I’ve been developing rqlite since 2014 and its design and implementation has evolved substantially during that time — and the design docs tell the story of what worked, and what didn’t. So what can we learn about distributed database design, from watching rqlite change over the years?
As time has passed the distributed consensus system has changed, the API has improved enormously, security was improved, and support for automatic clustering and node-discovery was introduced along the way. But none of this happened all at once, and much of the design changes were in response to previous wrong turns.
What worked? And what didn’t?
Let’s take a look through time, letting the design choices tell the story.
Introduction to replicating SQLite with Raft – this was the post that started it all. Why not combine Raft with SQLite? Would it work? It turned out it would work very well, got the attention of Hacker News, but the initial version was far from production-ready. Years of development lay ahead.
Moving to an upgraded Raft consensus system – with 2 years of practical experience it became pretty clear that rqlite needed to run Hashicorp’s more modern Raft code, and needed a much better HTTP API. The API put in place by version 2.0 remains largely the same to this day — 7 years later — showing that the API choices were good ones.
Leader-redirection added – an important change which made it much easier for clients to communicate with the cluster. With redirection clients could contact any node in the cluster, and if that node wasn’t the Leader, the node would let the client know where on the network the Leader was. Leader redirection would eventually be superseded years later by transparent forwarding to the Leader.

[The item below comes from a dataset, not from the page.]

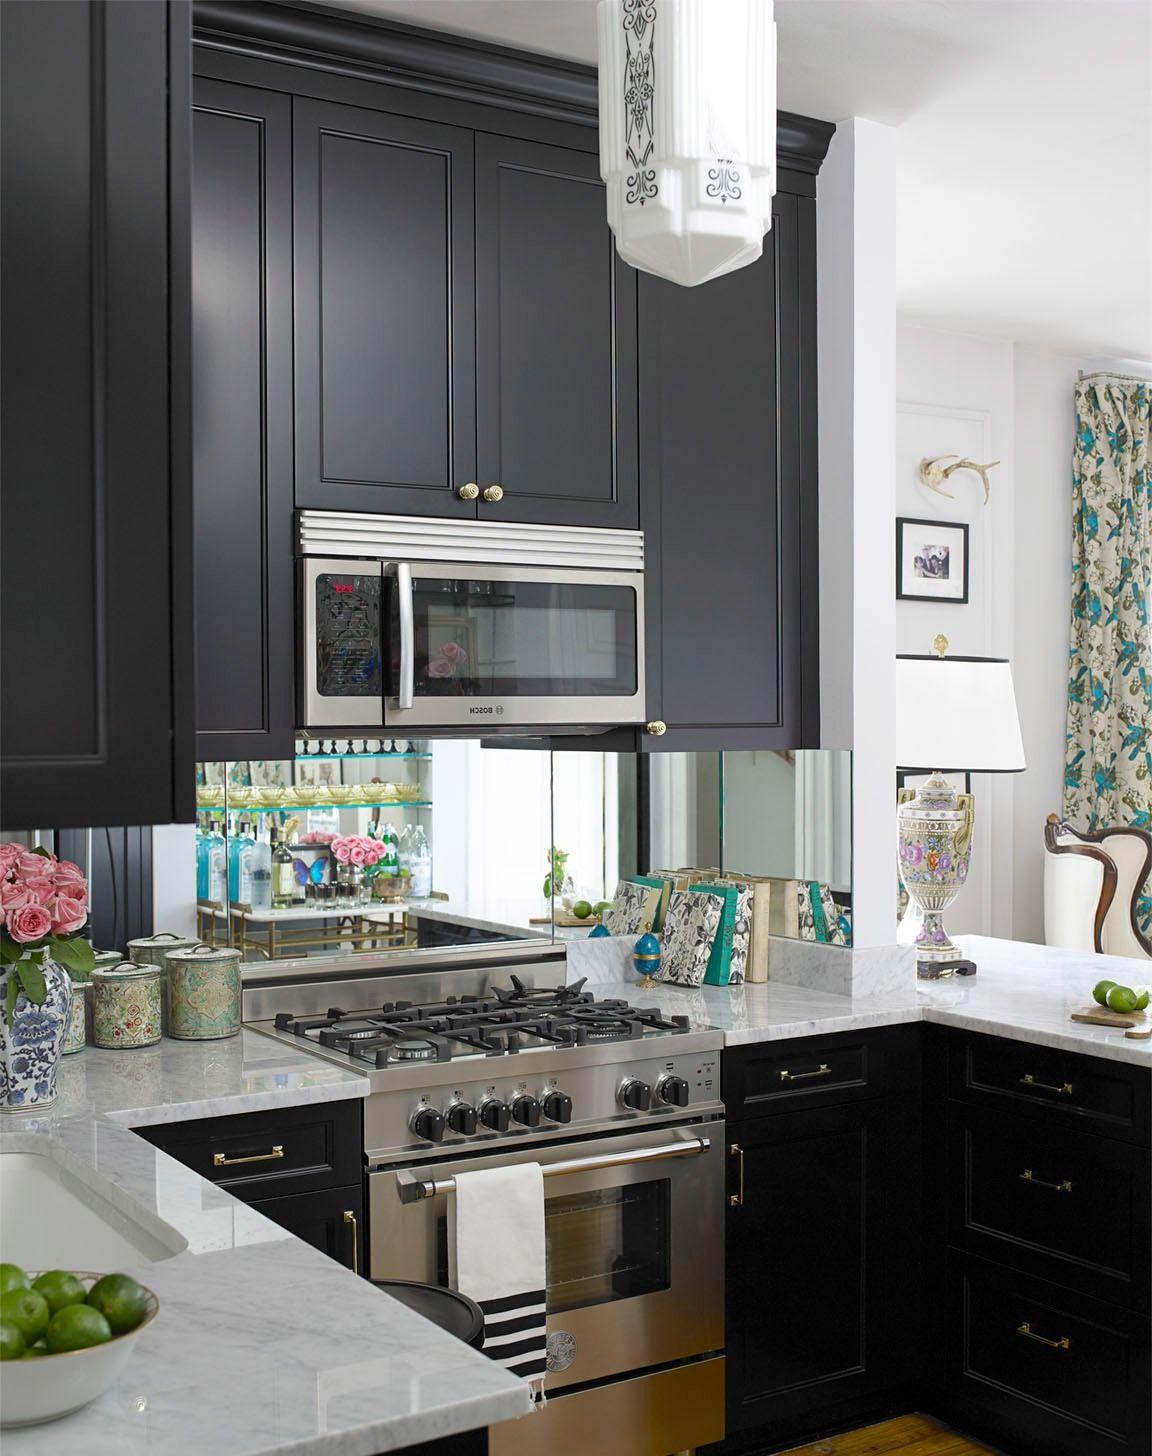 Küchendesign kleiner raum zu machen wie die küche sieht atemberaubend mit kleiner küche

Building an rqlite discovery service using AWS Lamda – this was the first attempt at building auto-clustering and node-discovery for rqlite. It worked, but the implementation wasn’t elegant, nor was the Discovery mechanism reliable. At the time development with AWS Lambda was pretty crude, which didn’t help. This Discovery system would be turned down within 5 years, but the code remains available on GitHub.
Node-to-node encryption added – this was one of the early features aimed at making it easier to run rqlite in production environments, where networks had to be shared with other systems. Getting the configuration of node-to-node encryption right was tricky — in fact, it wasn’t fully correct until 2023.

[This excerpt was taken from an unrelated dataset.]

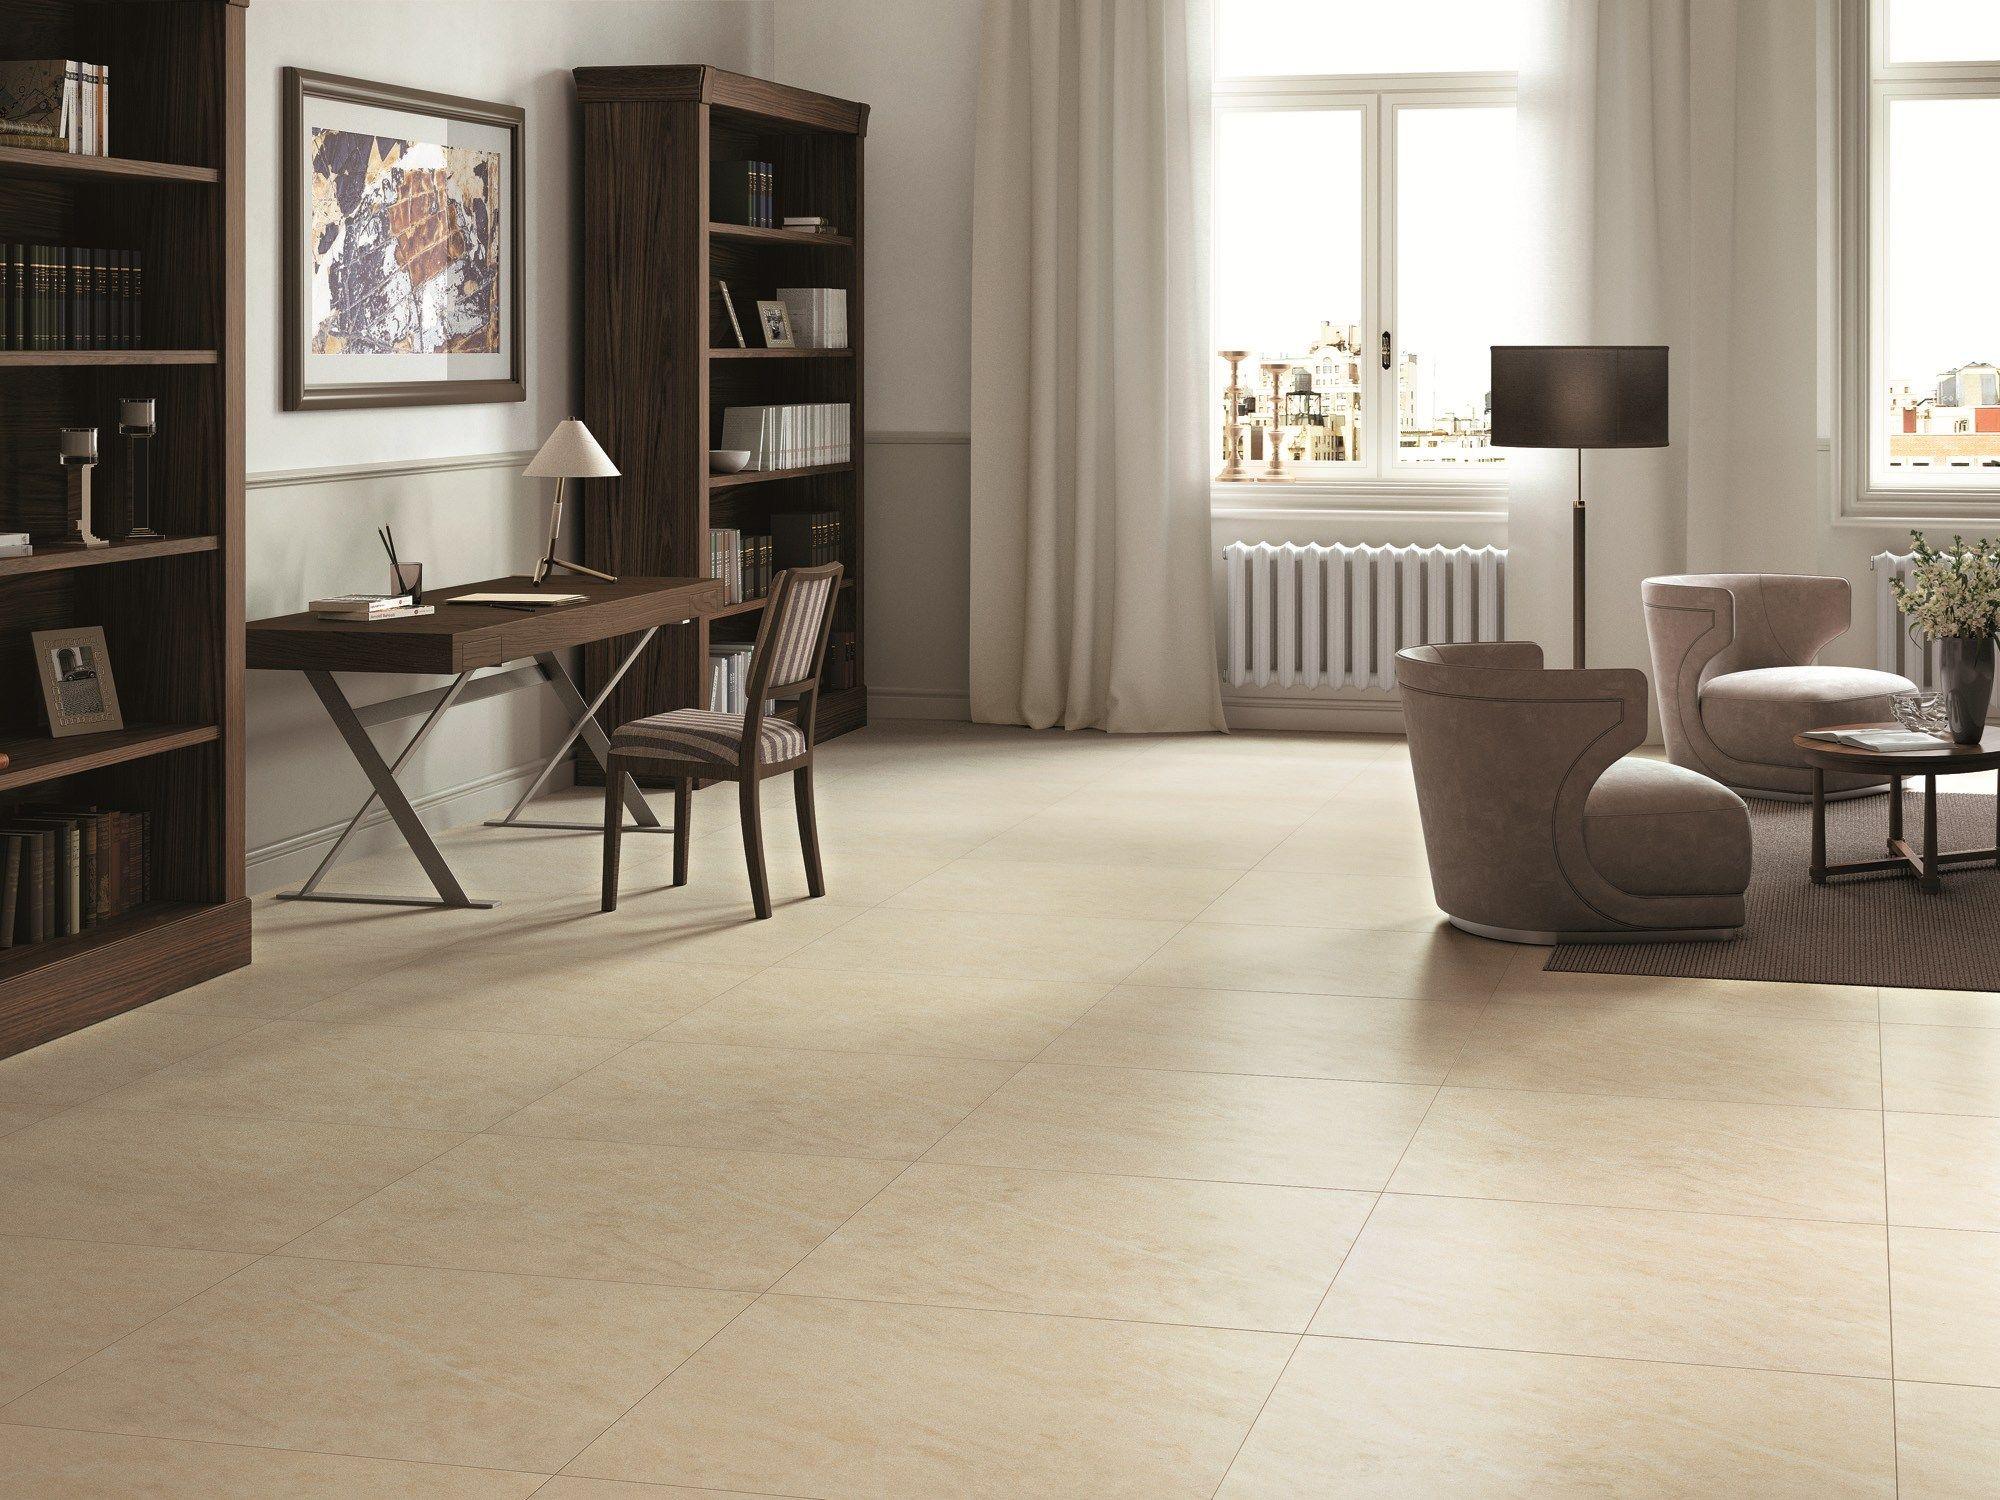 Pavimento rivestimento in gres laminato effetto marmo for Pavimenti 3d prezzi

Scaling read performance – read-only nodes were added, allowing users to horizontally scale read performance. This worked well, because it was mostly built on preexisting functionality in the Hashicorp Raft library.
Moving from JSON to Protocol Buffers for internal data structures – 6 years into development JSON-based data modeling wasn’t robust enough, and I was writing a lot of custom marshaling code since rqlite was interacting with more and more systems outside of itself. It was time for something more sophisticated. Moving to Protobufs was a big win and Protobufs have become the core data modeling mechanism throughout most of the code.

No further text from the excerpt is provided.